Explained: Why TrueNat testing for NRIs has become a matter of political prestige in Punjab

A chip-based test for coronavirus, the TrueNat testing involves three steps: elution (RNA extraction), screening and confirmatory test. How well-equipped is Punjab for these tests?

Written by Divya Goyal , Edited by Explained Desk | Ludhiana | Updated: August 20, 2020 9:22:39 am
punjab news, TrueNat test, what is Truenat test, TrueNat testing for NRIs, covid testing in punjab, indian expressDrive through Covid-19 testing in Chandigarh on June 16, 2020. TrueNat tests require nasal or throat swabs. (Express Photo: Kamleshwar Singh)

Last week, the doctors at Moga Civil Hospital went on a strike alleging that the local Congress MLA Dr Harjot Kamal got TrueNat testing done for at least 75 NRIs “using political influence” and when the woman doctor on duty refused to do more tests, he got her transferred. What followed was a letter by the additional chief secretary (health) directing that the NRIs should not be given the facility of free TrueNat testing. Withdrawing the officer’s orders four days later, the state health minister issued another letter stating that NRIs will be tested for free on TrueNat.

What is TrueNat testing? How well-equipped is Punjab for these tests?

A chip-based test for coronavirus, the TrueNat testing involves three steps: elution (RNA extraction), screening and confirmatory test. According to Dr Rajesh Bhaskar, Punjab’s nodal officer for Covid-19, “RNA extraction takes 20-25 minutes in TrueNat testing. If the result is ‘negative’ after first screening, one sample can be tested in just one hour but if it is positive, then a confirmatory test has to be done, which can take upto two hours. But even then, it is much faster than RT-PCR. Hence, we recommend TrueNat only for emergency cases such as Severe Acute Respiratory Infections (SARI) patients, pregnant women, pre-surgery cases etc.”

Currently, there are two types of TrueNat machines being used in Punjab: Two-channel and Four-channel. “There are 30 machines in Punjab of which 15 (two-channel) were received from the Government of India and rest were purchased by the state government,” says Dr Bhaskar.

The state government purchased the machines for Rs 4.5 to 5 lakh each while each chip used for testing costs Rs 1,200.
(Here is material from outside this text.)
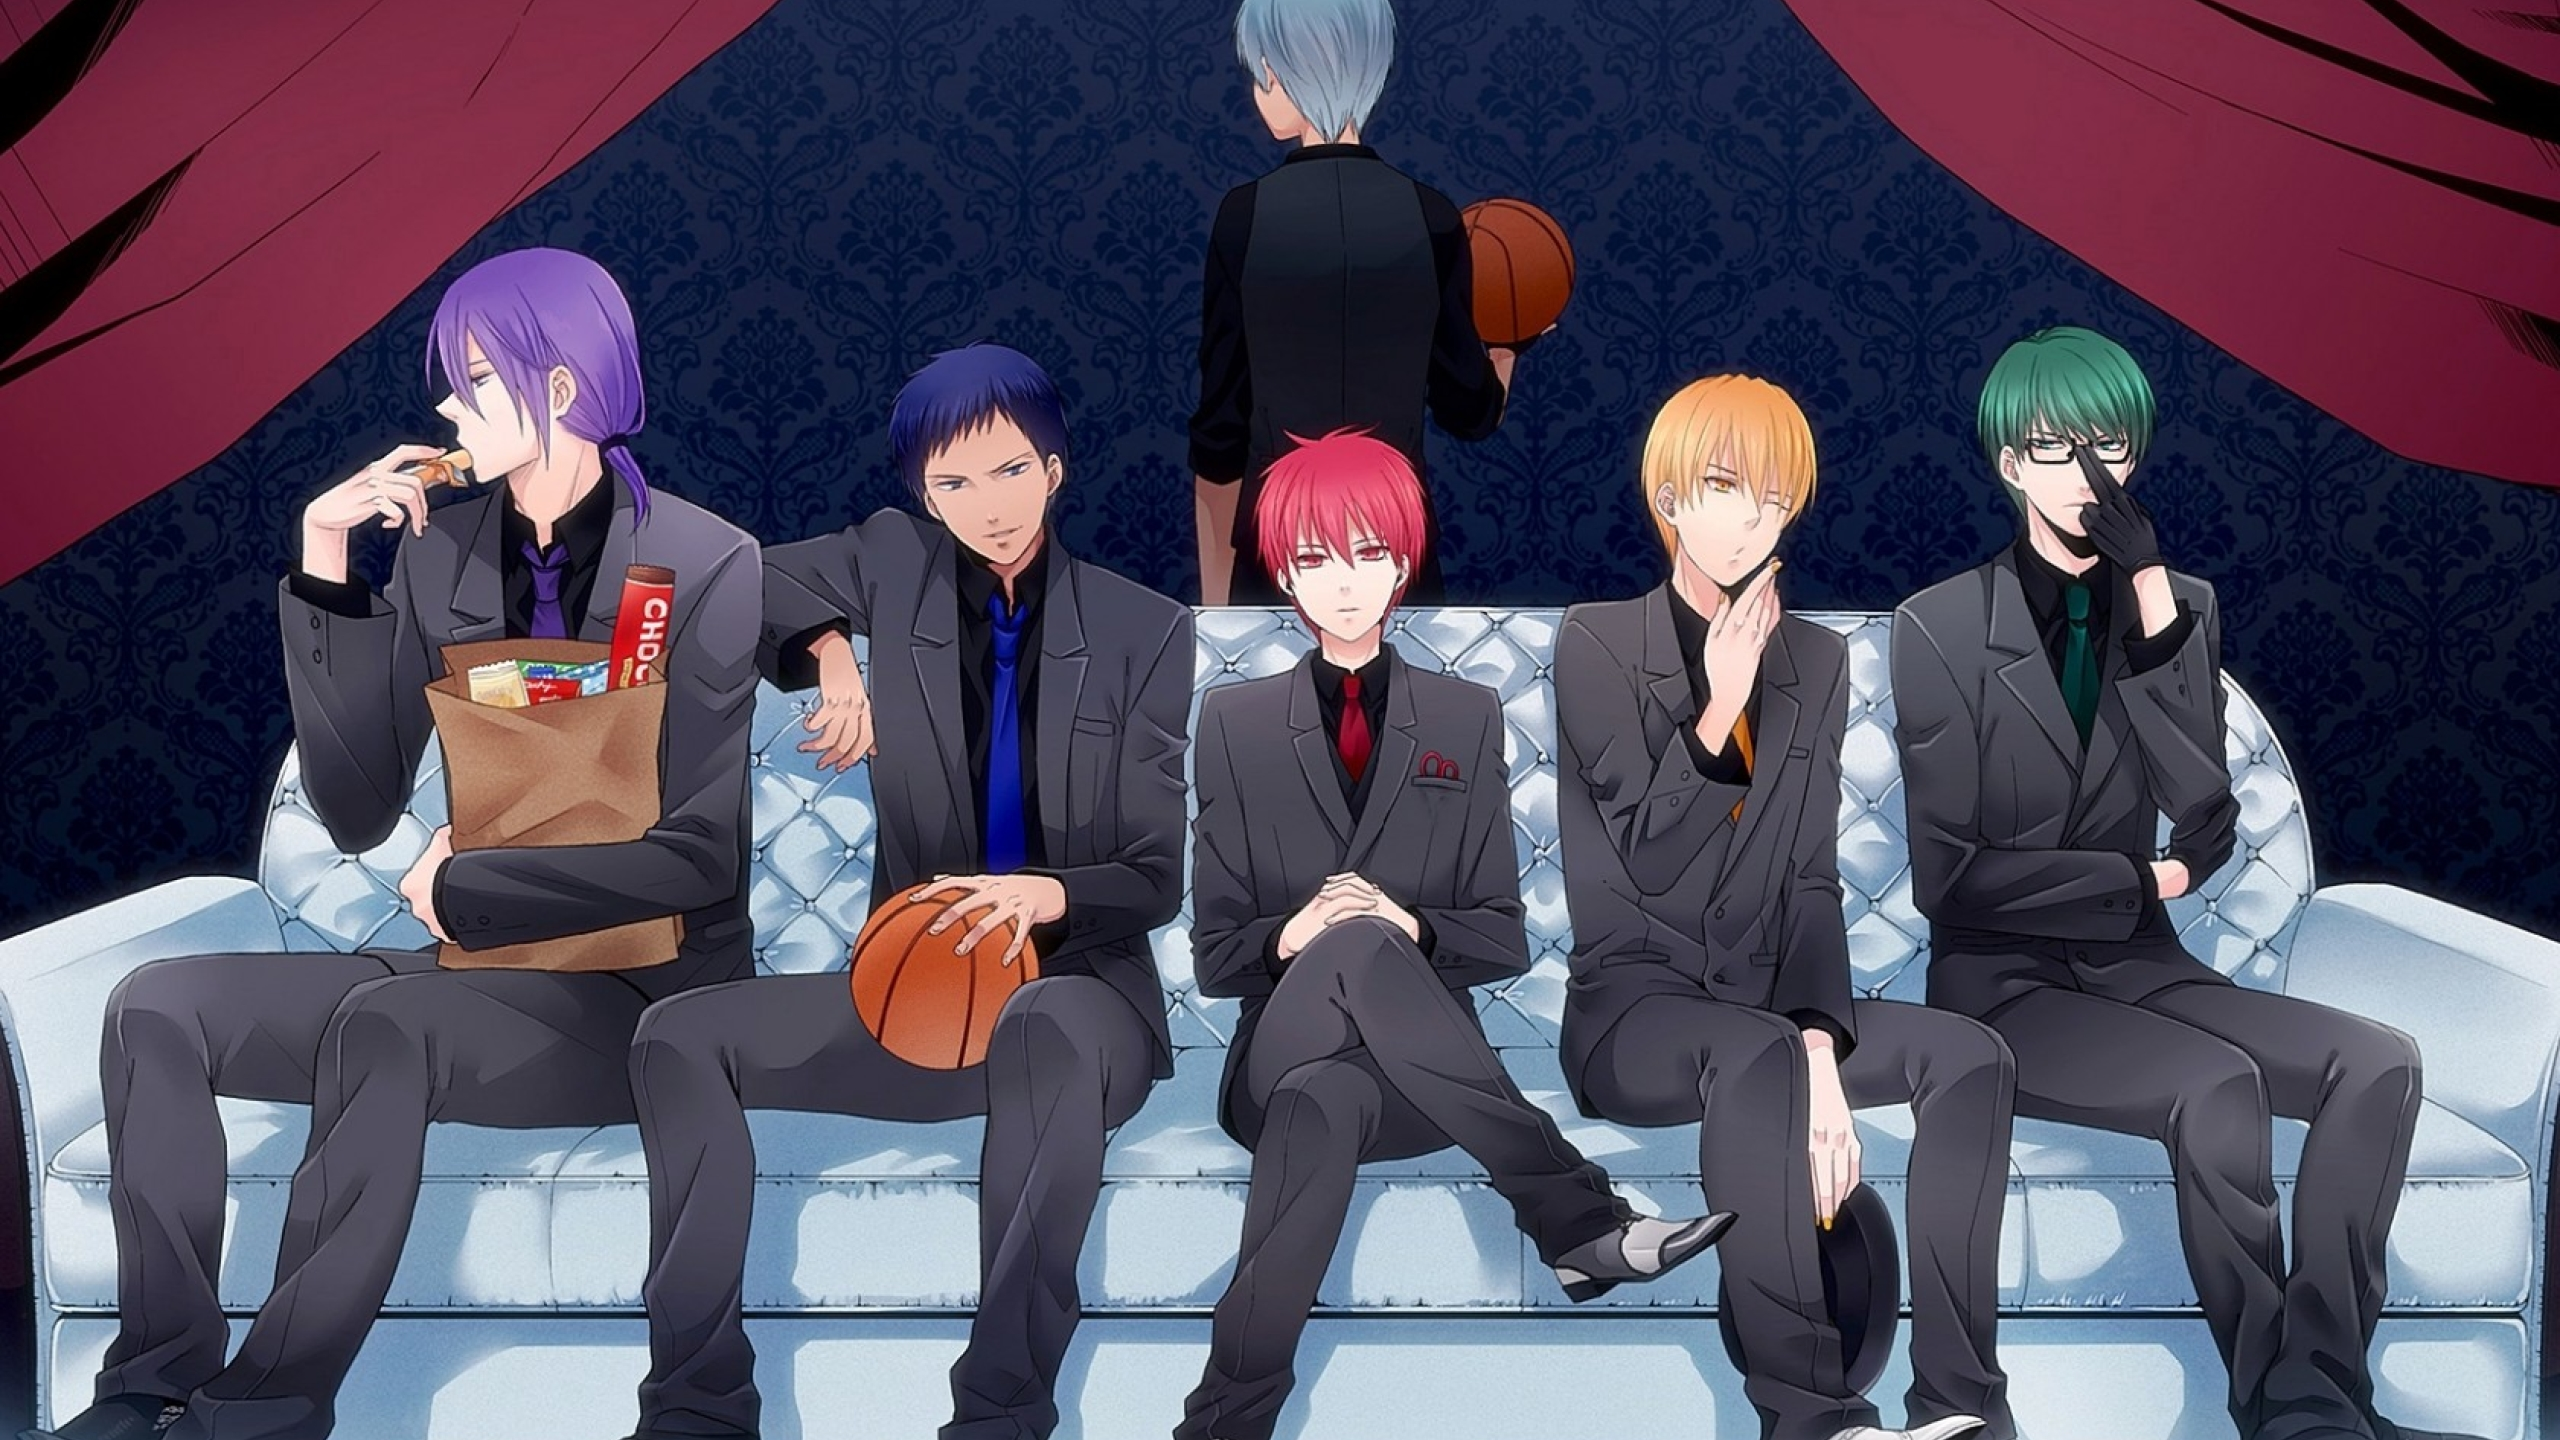 2560x1440 Kuroko No Basket Basketball Kuroko Akashi Seijuurou 1440p Resolution Wallpaper Hd Anime 4k Wallpapers Images Photos And Background

Currently, TrueNat testing is being done free of cost for needy/emergency patients at all government facilities in Punjab. While bigger districts have four-channel and more than one machine, small districts have two-channel ones. Moga, from where the controversy erupted, has one machine (two-channel), confirmed Dr Amanpreet Kaur Bajwa, civil surgeon.

Before the Indian Council of Medical Research (ICMR) approved TrueNat machines for coronavirus testing, they were being used for tuberculosis testing. They are very handy and can also be taken to the field, if required.

How many samples can be tested on TrueNat machines?

While Dr Bhaskar refused to comment on the ‘testing capacity’ of TrueNat machines, a senior official from Punjab health department, said, “In one shift of 6-8 hours, 30-35 samples can be tested in 4-channel machines and 15-20 samples in 2-channel machines.”

However, the doctors in the field contradict this claim. A pathologist from Ludhiana district where a 4-channel machine is operational, said, “The first step of elution takes 25-30 minutes. Then screening (e-gene), which identifies if the sample is positive or negative, takes 40-50 minutes. If it is positive, then it is put for confirmatory testing for SARS-CoV-2 (coronavirus) which can take upto an hour again. Including the time that goes into chip preparation, we are able to test maximum eight samples in 6-8 hours (single shift),” he said. Moga civil surgeon Dr Bjawa said that “18-20 samples a day are being tested on TrueNat in the district.”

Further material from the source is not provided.